PowerPC下连接器--relax选项实现

一、问题

在编译一些大的工程的可执行文件的时候，可以发现如果使用DEBUG版本，代码段加上和代码段放在一起的只读数据(字符串或者常量全局变量等)数量将会比较庞大，而在glibc的crti中会有一个对GLABAL_OFF_TABLE(GOT)表的重定向，这个重定向类型为为，从网络上可以看到这种错误类型提示信息(来自http://meld.org/discussion/linking-error-cge-51-p2020-rdb-tool-chain)：

oot@Desktop # ppc_85xx-gcc -o sampleprog sampleprog.c
/opt/cge5.1p2020rdb/montavista/cge/devkit/ppc/85xx/bin/../target/usr/lib/crt1.o: In function `_start':
(.text+0x20): relocation truncated to fit: R_PPC_REL24 against symbol `__libc_start_main@@GLIBC_2.0' defined in .plt section in /opt/cge5.1p2020rdb/montavista/cge/devkit/ppc/85xx/bin/../target/usr/lib/crt1.o
/opt/cge5.1p2020rdb/montavista/cge/devkit/ppc/85xx/bin/../target/usr/lib/crti.o: In function `_init':
/home/build/BUILD/glibc-2.5.90/objdir/csu/crti.S:18: relocation truncated to fit: R_PPC_LOCAL24PC against symbol `_GLOBAL_OFFSET_TABLE_' defined in .got section in /opt/cge5.1p2020rdb/montavista/cge/devkit/ppc/85xx/bin/../target/usr/lib/crt1.o+fffffffc
/tmp/cckOiWe5.o: In function `main':
sampleprog.c:(.text+0x28): relocation truncated to fit: R_PPC_REL24 against symbol `printf@@GLIBC_2.4' defined in .plt section in /opt/cge5.1p2020rdb/montavista/cge/devkit/ppc/85xx/bin/../target/usr/lib/crt1.o
collect2: ld returned 1 exit status

二、出现原因

PowerPC属于RISC机型，RISC的一个重要特定就是指令定长，在32bits系统中每条指令就是32bits。而一般一个指令都是由操作码部分和操作数部分两部分组成(当然也有例外，就是没有操作数，例如系统调用指令sc，中断返回指令rfi等)，其中的操作码表示不同的动作，而操作数则表明了操作的内容，例如 mr r1，r2，就是将r2寄存器的值复制到r1中，由于系统中通常有32个寄存器，32个寄存器需要5bits来进行表示不同寄存器编号，所以这个指令中需要有10bits来作操作数，可以有22bits作操作码，当然由于RISC中操作指令一般不多，事实上不会用这么多bit作操作码的。所以这个例子中操作数限制没有体现出来。

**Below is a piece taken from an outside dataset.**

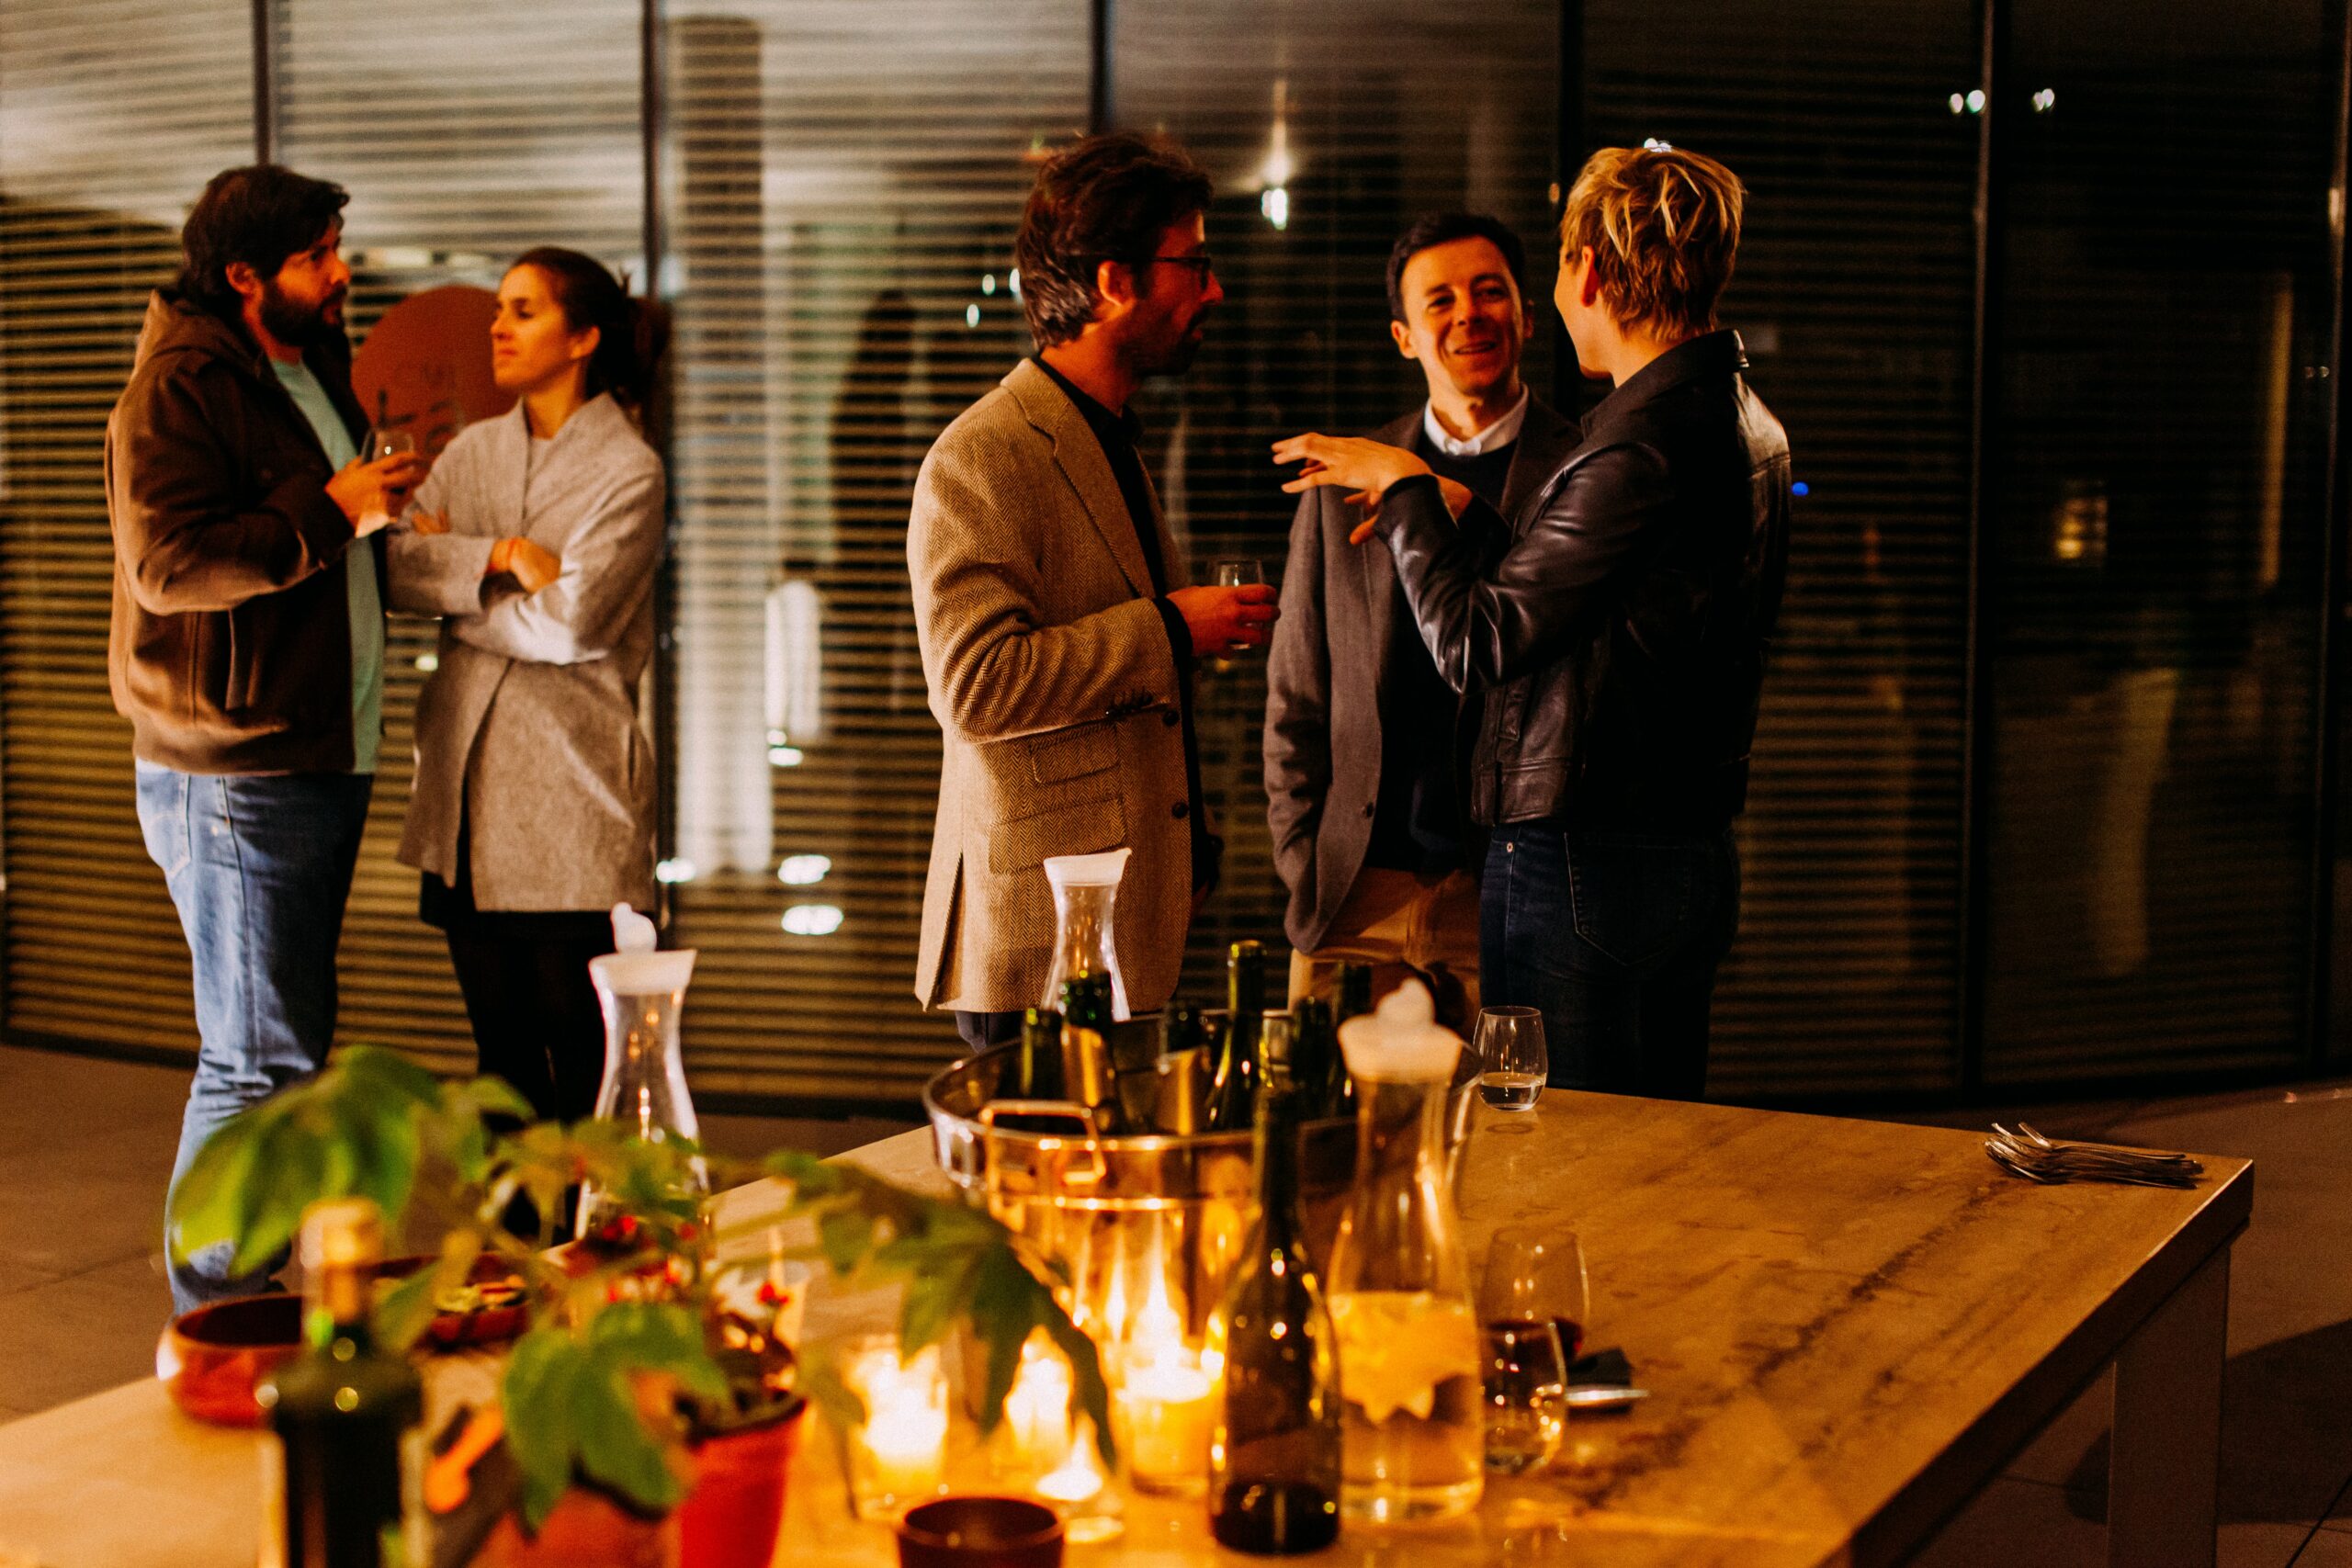 3 Reasons Why You Should Attend Your Next Staff Social

现在看一下跳转指令，大部分机型中跳转更喜欢相对跳转，也就是相对于当前指令运行时PC加上一个偏移量的目的去执行(可能是函数，也可能是if else的无条件跳转)，原因是因为这种代码长度比较短，并且便于重定位，整个代码段起始位置变化之后，相对位移不变，所以不用重定位。所以在386中也有这种相对跳转指令。

一个PowerPC跳转指令的32bits大致分为两部分

010110 000000000000000000000000

也就是高6bits用来作为操作码，表示为一个跳转指令，之后的剩余26bits在相对跳转的时候作为相对于当前PC的偏移值。在编译的时候，一个.o文件不知道自己引用的代码在整个可执行文件中的位置，所以它大胆假设和此处的差异在整个范围之内。但是如果不巧的时候，这目标地址偏偏就真的和起跳处相差过大，此时连接器在整个24bits中无法填充这个偏移值，此时就会提示上面的错误。

三、连接器--relax的实现方法

powerpc的工具链应该为自己的错误假设买单，它就有必要解决自己错误假设引入的问题。注意：连接器一般是不会修改操作码的(也就是不会把一个无条件b指令转换为条件bc跳转指令)。所以连接器引入了--relax来解决这个问题，看一下链接器是如何解决这个问题的。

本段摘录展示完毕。